The transcription of the cyaA gene is negatively regulated by CRP-cAMP [JBC Online], as well as the transcription of the crp gene [Medline].  However, in both cases the negative transcriptional control by CRP-cAMP does not seem to cause major effects in vivo, at least under current experimental conditions [Medline].  In particular, it was shown by using gene fusion techniques that neither cAMP nor CRP-cAMP plays a major role in transcriptional or translational regulation of cyaA expression [JB].  In Salmonella typhimurium, transcription of cyaA is also repressed by CRP-cAMP [Genetics].

The transcription of crp is additionally regulated by the DNA-binding protein FIS, with both FIS and CRP-cAMP being required for repression of crp transcription [The EMBO Journal].  Incidentally, the study of FIS has lead to the concept of a transcription factor acting as a local "topological homeostat" [Frontiers in Bioscience].  Additionally in vitro studies have indicated that FIS may play a role in catabolite repression [Molecular Microbiology].

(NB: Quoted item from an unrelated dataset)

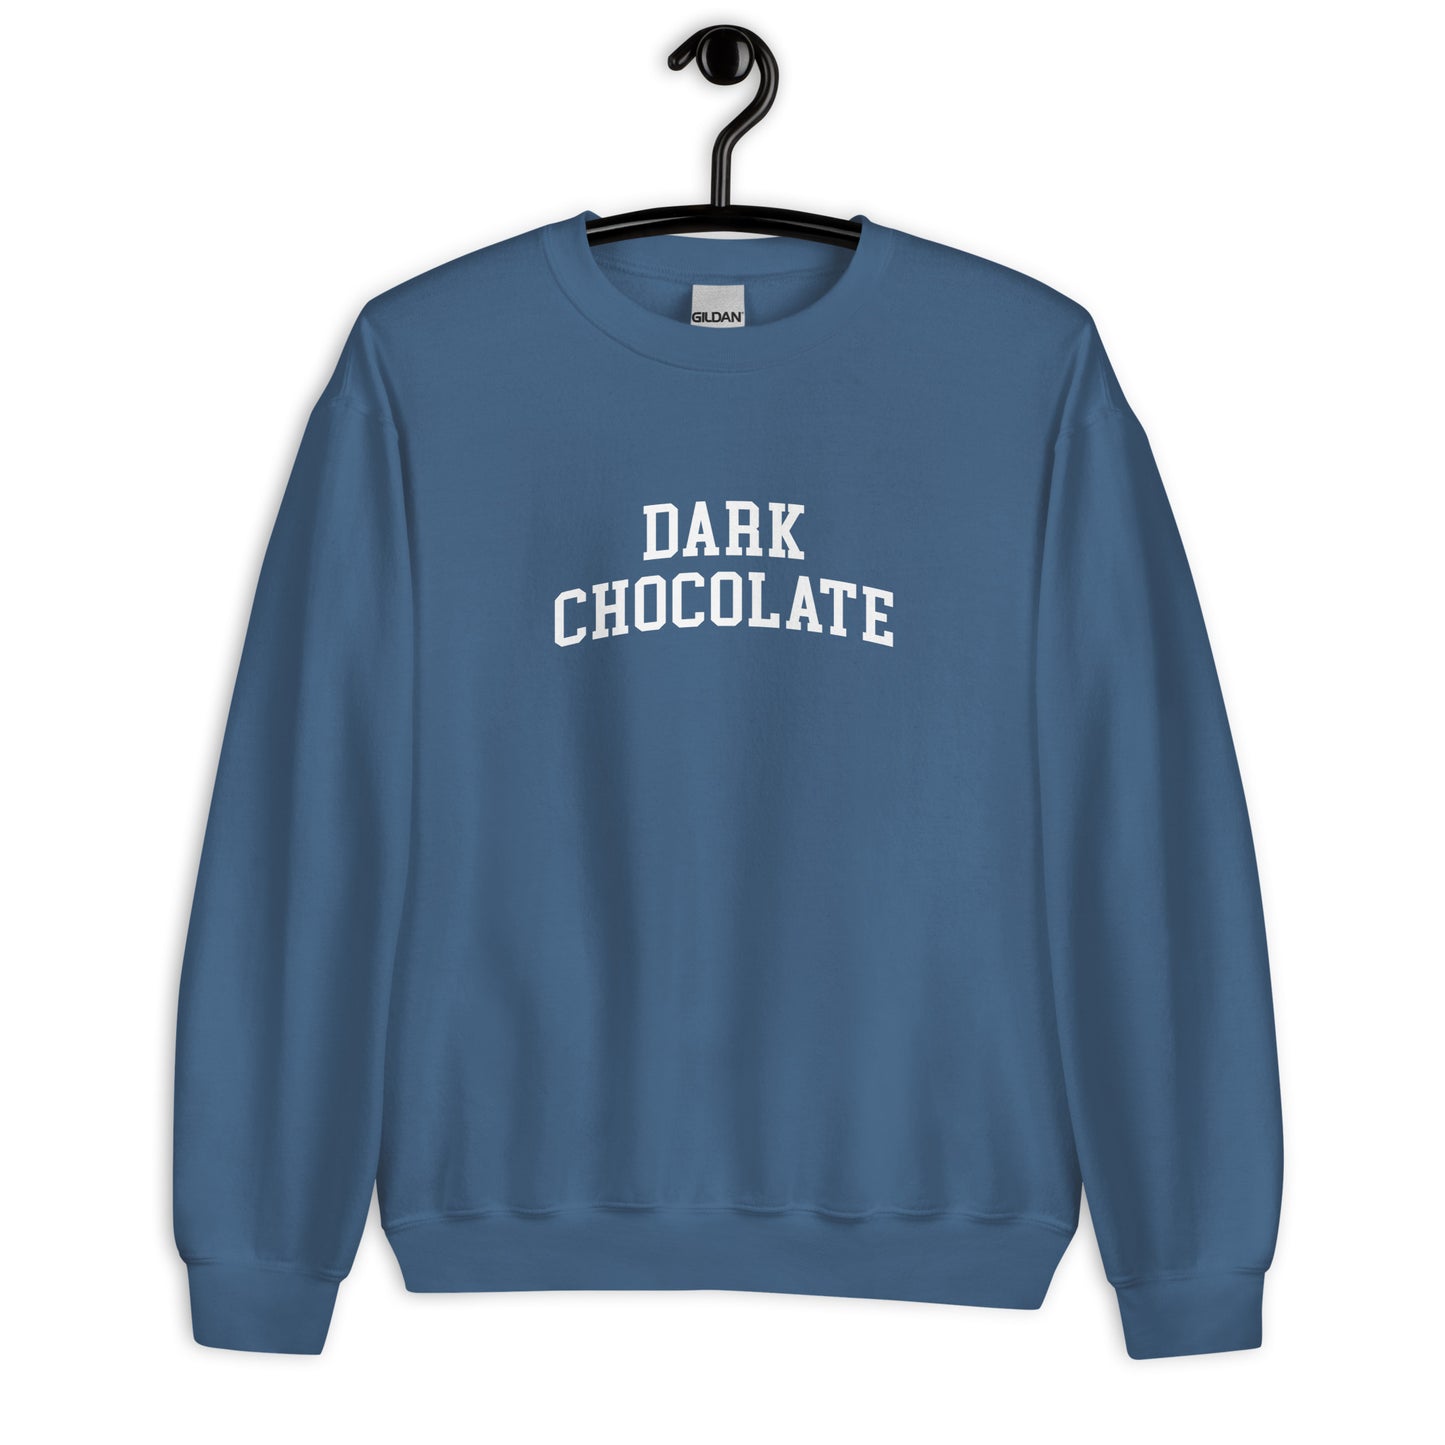 Dark Chocolate Sweatshirt - Arched Font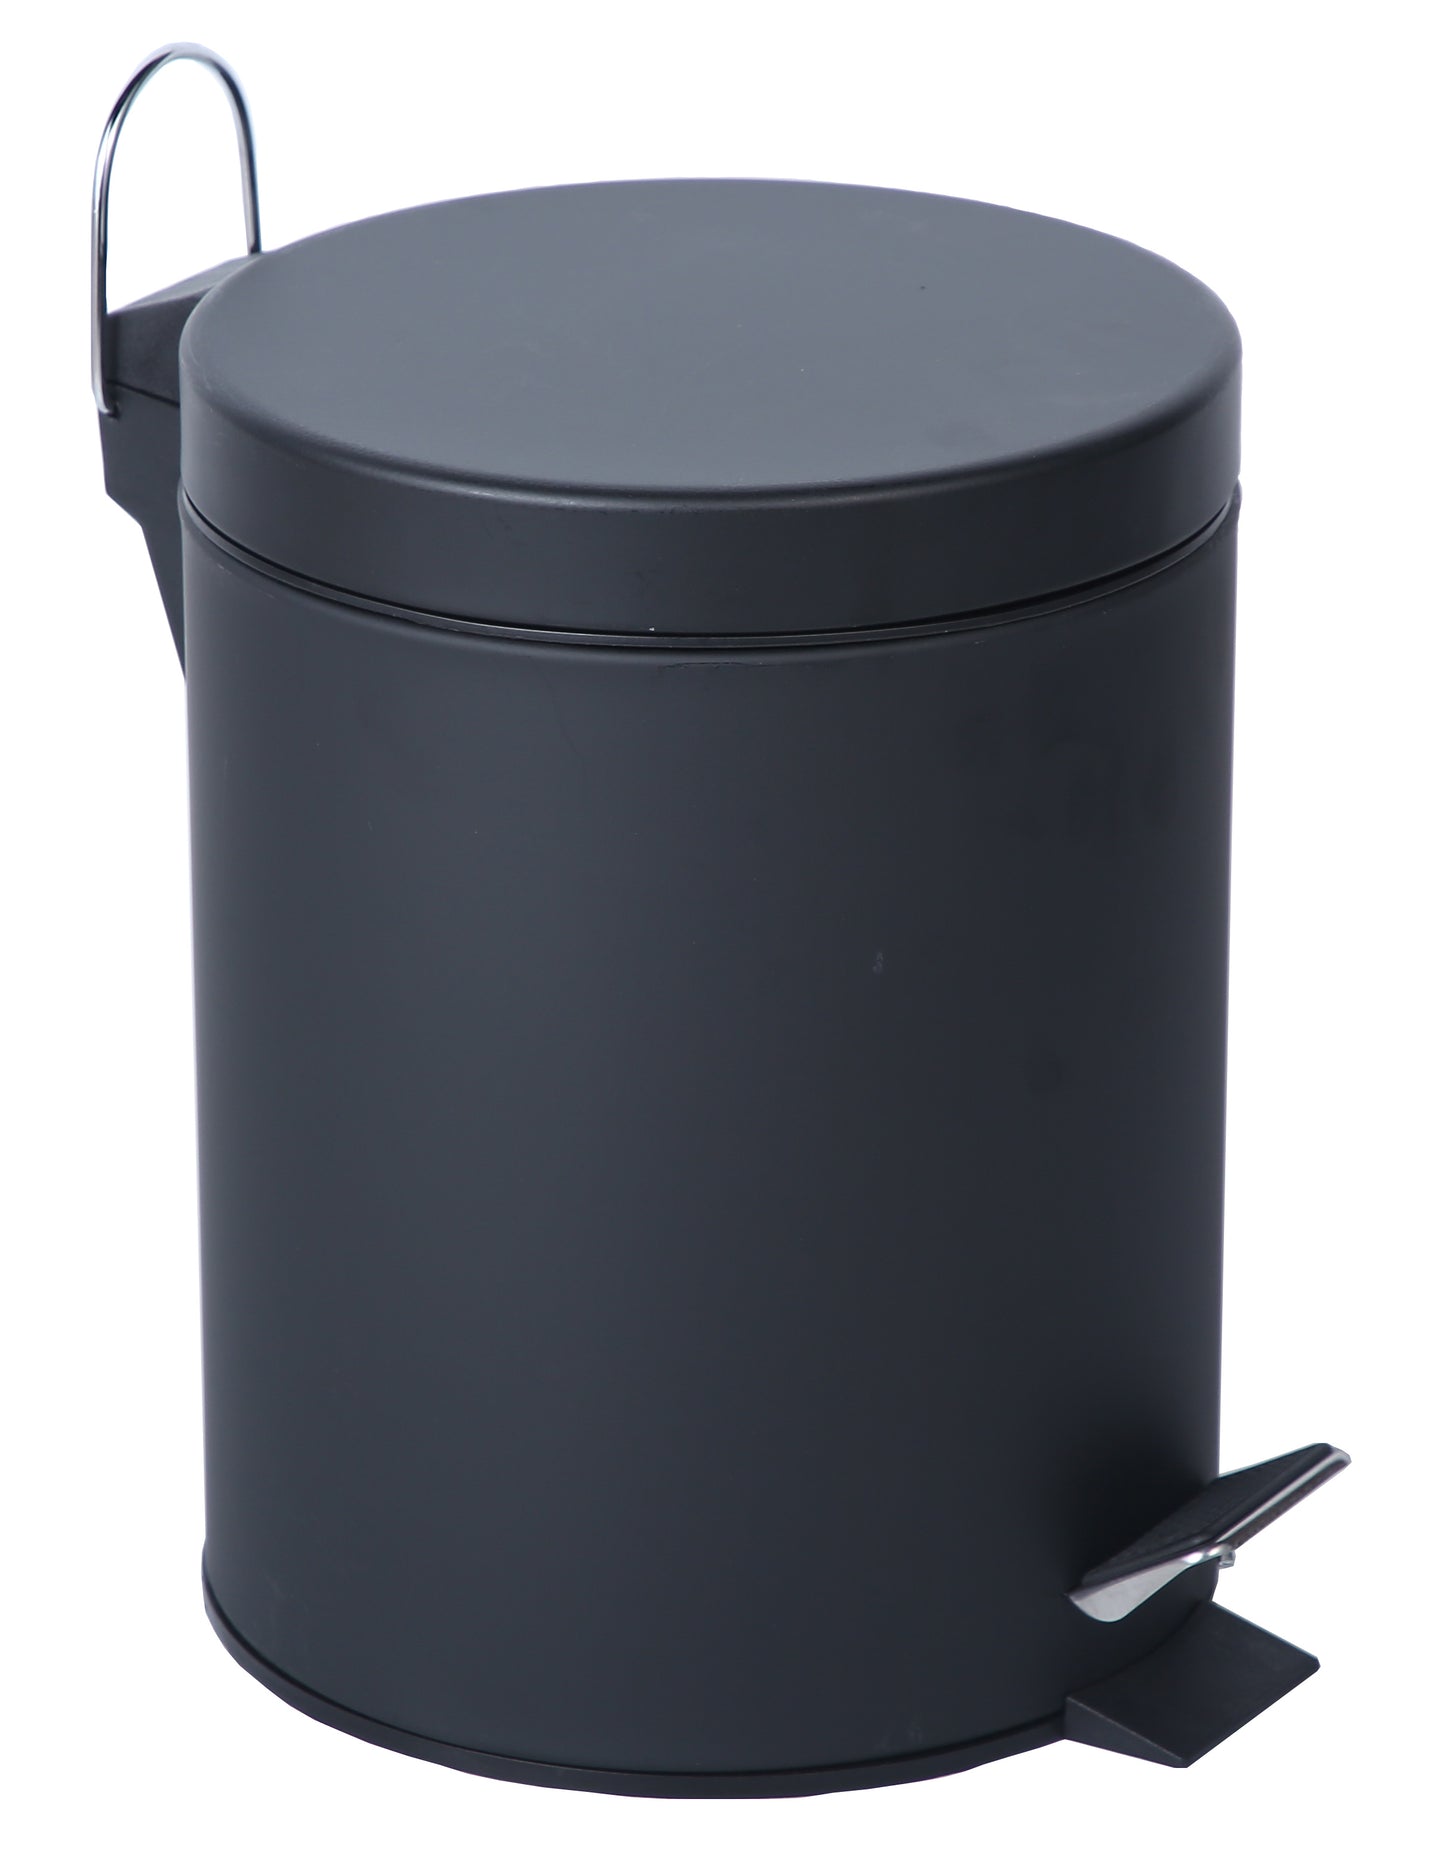 Buckingham Black Powder Coated Pedal Bin Waste Trash Bin for Bathroom Kitchen Office 5 Litres

The translation of adenylate cyclase mRNA is ineffective [Medline] as to prevent excessive synthesis of adenylate cyclase.  This can be attributed to the fact that overproduction of cAMP is lethal to Escherichia coli possibly due to an accumulation of methylglyoxal [JB] [Microbiology].

Finally, intracellular cAMP concentrations vary with the carbon source used for bacterial growth.  Therefore, any gene whose transcription is regulated by CRP-cAMP may have various levels of expression depending on growth conditions, especially the carbon source available to the bacteria.  Correspondingly, the CRP-cAMP complex has been implicated in the establishment of foraging-like behavior when the carbon source is unfavorable [JBC Online] [Nucleic Acids Research].